Я не знал верить ли себе, не знал, что это. Но меня трясло от страха, что с ней что-то происходит, от суеверного панического ужаса потерять навсегда.
Пришпорил коня, а мне навстречу Стюарт несется на взмыленном жеребце.
— Возле мельницы бунт. Там ведьму линчевать собрались. Горит зерно!
— Откуда знаешь?
— Оливер… тот больной на голову приполз весь в крови к лагерю. Его накололи вилами в бедро.
Я не хотел себя спрашивать почему увидел все это, не хотел признаваться себе, что это ненормально. Колдовство, магия, чары. Плевать! На самом деле, что это… если я не успею я выжгу к дьяволу этих ублюдков. Выпущу им кишки и намотаю на вилы. Твааари! Как посмели?! Я впился шпорами в бока коня, до боли до болезненного ржания. Прости, родной. Давай быстрее. Нет у нас ни секунды.
Мчал и молил ее показать мне снова… показать, что она жива и что я успею. Бред, конечно. Я действительно бредил и в отчаянии вспарывал бока несчастного скакуна, чувствуя своими боками его страдания. Пока не вылетел в поле под проливной дождь. Надо мной разверзся ад. Ураганный ветер поднимает с земли сухую траву, бросает под ноги коню вместе с столпами воды. Я заметил их издалека, спускаясь вниз по полю к мельнице. Сбились в кучу, подняв кверху руки с оружием. Окружили ее… Загнали под дерево, и я вижу ее хрупкую фигуру в отблесках трепыхающегося пламени факелов. Прислонилась к стволу дерева. Их отделяет от нее несколько шагов и до меня доносится грязная брань и угрозы. Но никто пока не решился подойти. У Элизабет на руках ребенок и он пронзительно кричит, а она что-то сжимает в руке, выставив ее вперед.
— Кто приблизится того поразит молния! — расслышал ее голос и усмехнулся. Отважная маленькая дурочка. И в руках у нее обычный камушек.
— Ведьма снова спаслась дождем, угрожает стихией!
— Дождь кончится, и мы сожжем тебя дотла! Как и отродье дьявола на твоих руках!
— Вы с ума сошли?! Это младенец, которого вы искали! Он жив. Вы что не видите? Вы совсем озверели?
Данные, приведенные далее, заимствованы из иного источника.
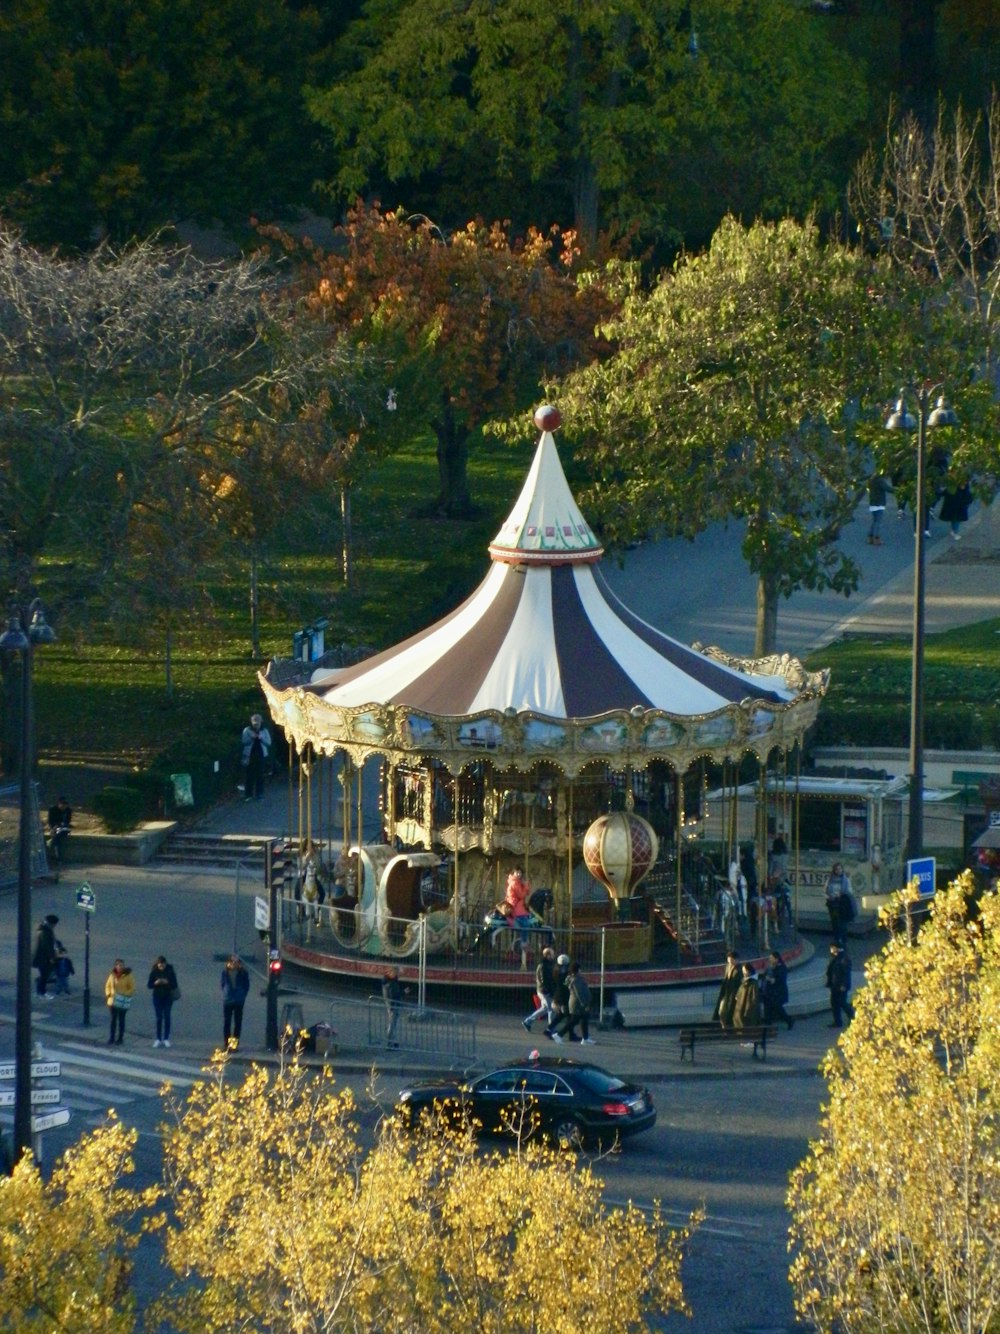 a carousel in the middle of a park surrounded by trees

— Ты уже провела свой ритуал. Это исчадие ада, а не младенец!
— Она скормила ему сердца тех других иначе почему он до сих пор жив?
— Сука бесчувственная!
— Тварь! Ее бабка сжирала детей об этом все знают!
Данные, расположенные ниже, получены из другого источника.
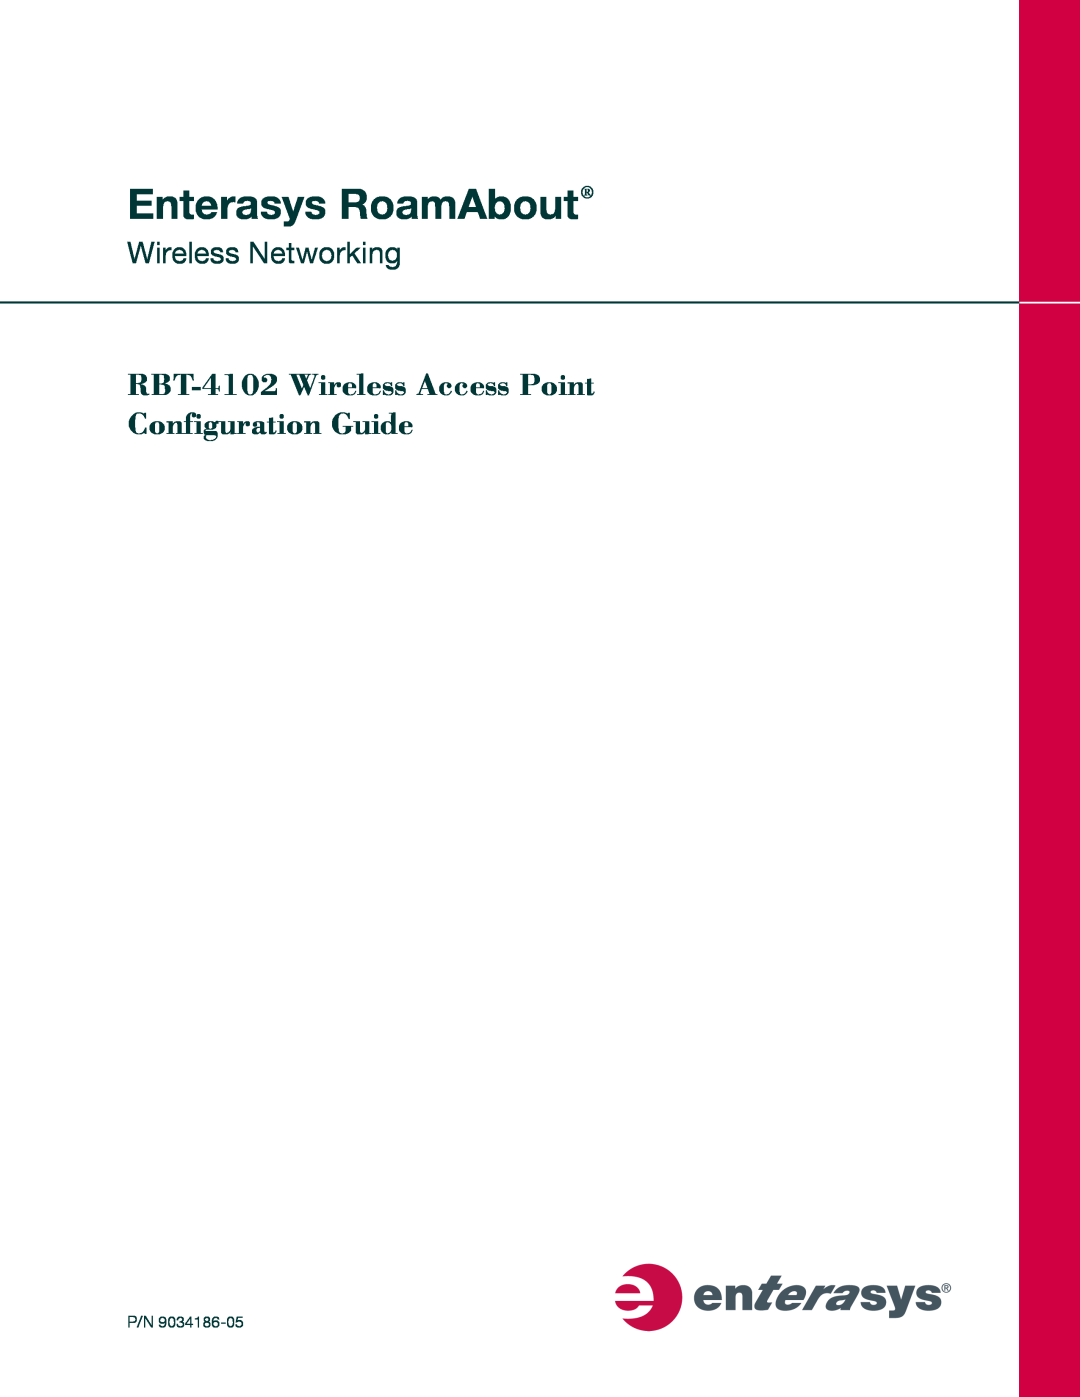 Enterasys Networks manual Enterasys RoamAbout, RBT-4102 Wireless Access Point Configuration Guide, Wireless Networking

Кто-то бросил в девушку грязь, и я увидел, как Элизабет развернулась спиной, закрывая собой ребенка, как вжала голову в плечи, когда комья посыпались со всех сторон.
— Прекратить самосуд! — крикнул я, — Именем герцога Ламберта приказываю прекратить бесчинства иначе я обезглавлю каждого, кто посмел! Ваши головы будут украшать дорогу в Адор!
Несколько человек развернулись ко мне. Я увидел, как они оторопели, как на их лицах отразилось недоумение и посмотрел на нее, на то как широко распахнулись глаза и в них не было обжигающей душу ненависти. Они заблестели влагой, заблестели так… как будто она мне рада.
— Господин приехал.
— Его Светлость…
— О Боги! Что теперь будет?!
И в это мгновение я ощутил, как каменеет мое тело, как кровь стынет в жилах и гнев превращается в ядовитую смесь, обжигает мне вены. У их предводителя на пику насажена голова Гортрана. Я взревел, и они все обернулись ко мне, застыв от ужаса и раскрыв рты.
— Это не Его Светлость — это Сатана в его обличии! Она заколдовала нас, и мы видим то, чего нет на самом деле!